Quantifying the Extent of the Hyporheic Zone Using Pore-Resolved DNS of Turbulent Flow over a Random Sphere Packing

The vertical extent of exchange between surface flow and sediment pore water is a key control on ecological functioning in fluvial systems. Across the diverse disciplines engaged in hyporheic-zone research, however, this exchange depth is characterized using different criteria and definitions. From a hydrodynamic and transport perspective, this raises the question of how far interface-driven scalar transport mechanisms penetrate into a porous sediment bed beneath turbulent open-channel flow.

Using pore-resolved Direct Numerical Simulation (DNS), we investigate scalar transport near the sediment--water interface within the framework of effective diffusivity. The porous medium is represented by a random sphere packing overlain by a turbulent open-channel flow characterized by a friction Reynolds number of Re_τ = 180 and a permeability Reynolds number of Re_K = 1.8. Scalar transport is modeled by solving the advection-diffusion equation for a passive scalar at Schmidt number Sc = 1, subject to a prescribed vertical concentration gradient driving bed-normal transport.

To obtain statistically representative descriptions of the strongly three-dimensional flow and transport fields, double averaging, in time and over horizontal planes, is employed. Within this framework, the effective diffusivity model relates the plane-averaged scalar concentration to the vertical scalar flux, enabling a quantitative decomposition into turbulent transport, dispersive transport, and molecular diffusion. Revisiting the theory of horizontal averaging, we discuss the implications of different formulations of effective diffusivity and show that seemingly minor differences become significant in regions of rapidly varying porosity, such as the sediment--water interface.

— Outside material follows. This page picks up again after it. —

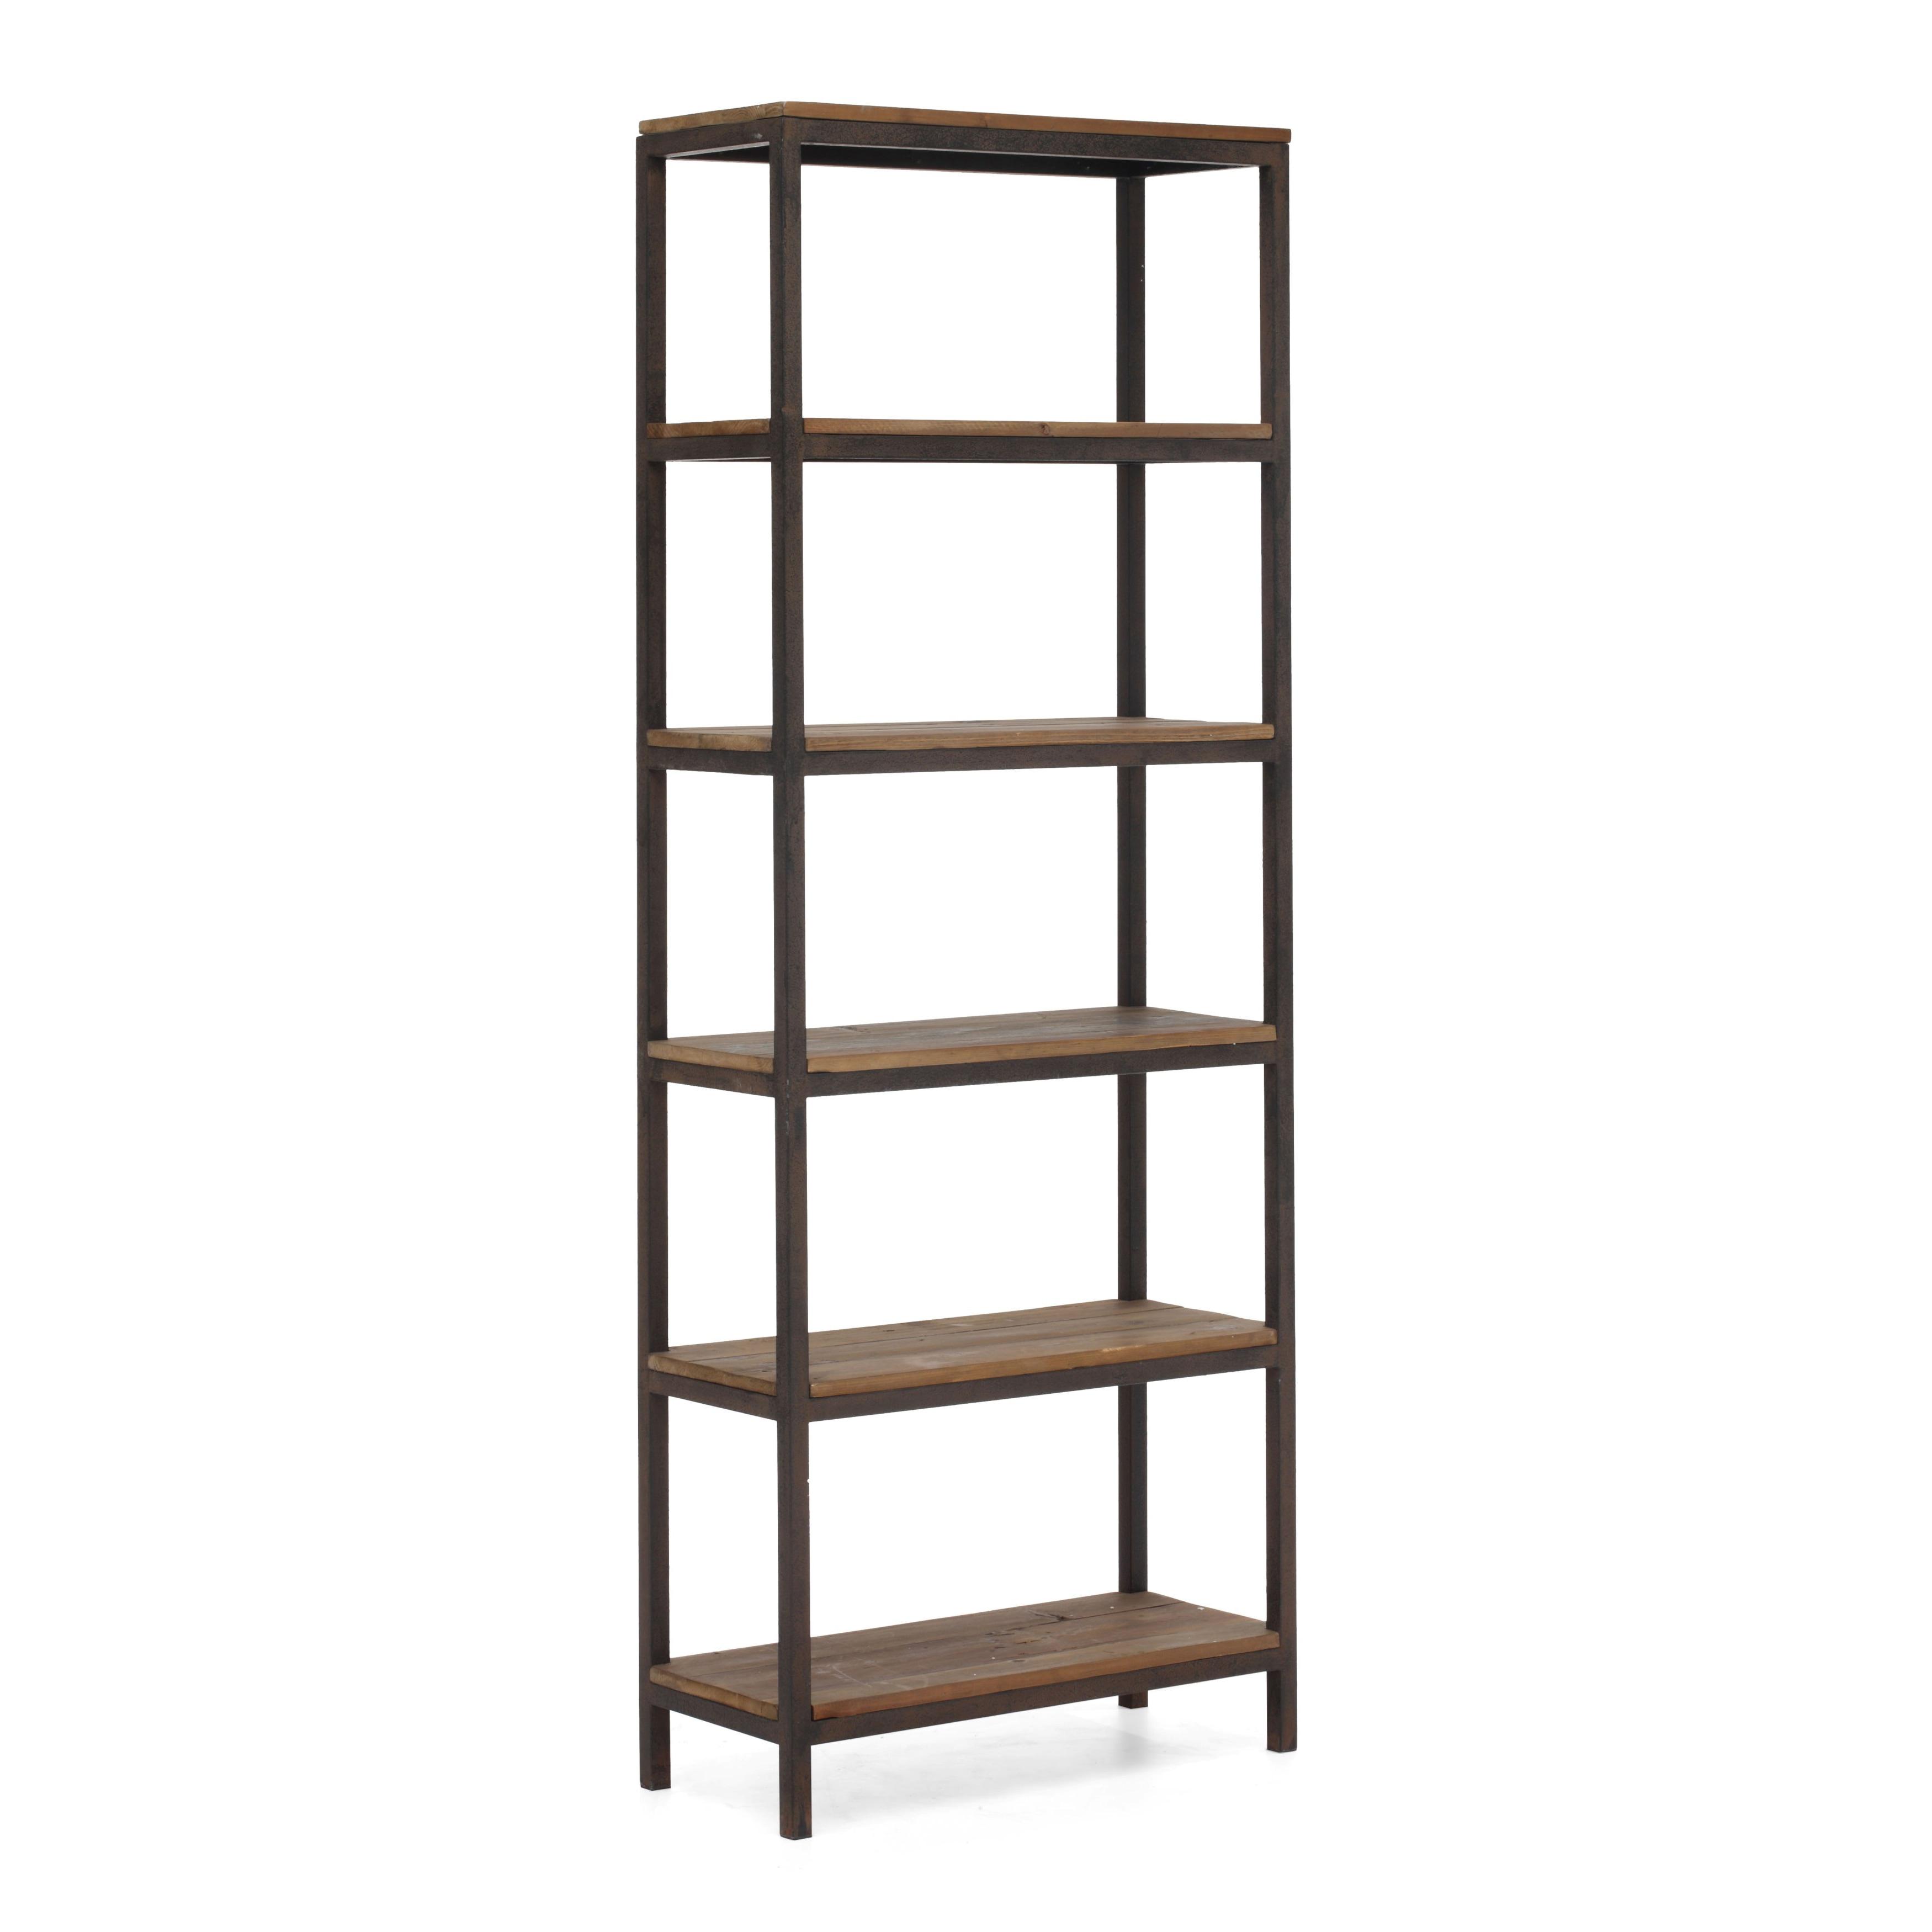 Shop Mission Bay Tall 6 Shelf Distressed Natural Finish Bookshelf

In a systematic pre-study, we assess the influence of grid resolution, sampling duration, and sediment-bed depth on the resulting transport statistics. Based on this analysis, simulations are conducted at a constant flow-depth-to-sphere-diameter ratio of h_f / D = 3, combined with three sediment-bed depths corresponding to h_b / D ∈ [2, 5, 9]. To isolate interface-induced transport processes, simulations with overlying turbulent flow are compared to reference cases of scalar transport in the porous medium without free flow.

This comparison enables a clear distinction between transport mechanisms intrinsic to the porous medium and those induced by the sediment--water interface. The effective diffusivity associated with interface-driven transport decays exponentially with increasing depth below the sediment surface. Turbulent scalar transport is confined to the uppermost sediment layer, penetrating only to depths of approximately z / D ≅ 1 - 2. In contrast, dispersive transport induced by pressure fluctuations at the sediment crest dominates scalar exchange within the sediment bed. Beyond z / D ≅ 5, dispersive transport becomes negligible and scalar transport is governed predominantly by molecular diffusion, indicating the onset of a Darcy-type transport regime. Within the effective diffusivity framework, cases with h_b / D = 5 and 9 show indistinguishable behavior, whereas the shallow bed case h_b / D = 2 exhibits a pronounced attenuation of dispersive transport.

These results provide a quantitative, transport-based definition of the effective depth of interface-driven hyporheic exchange. The exponential decay of effective diffusivity, isolated from background porous-medium transport, offers a promising basis for improving reduced-order models of scalar transport in the hyporheic zone.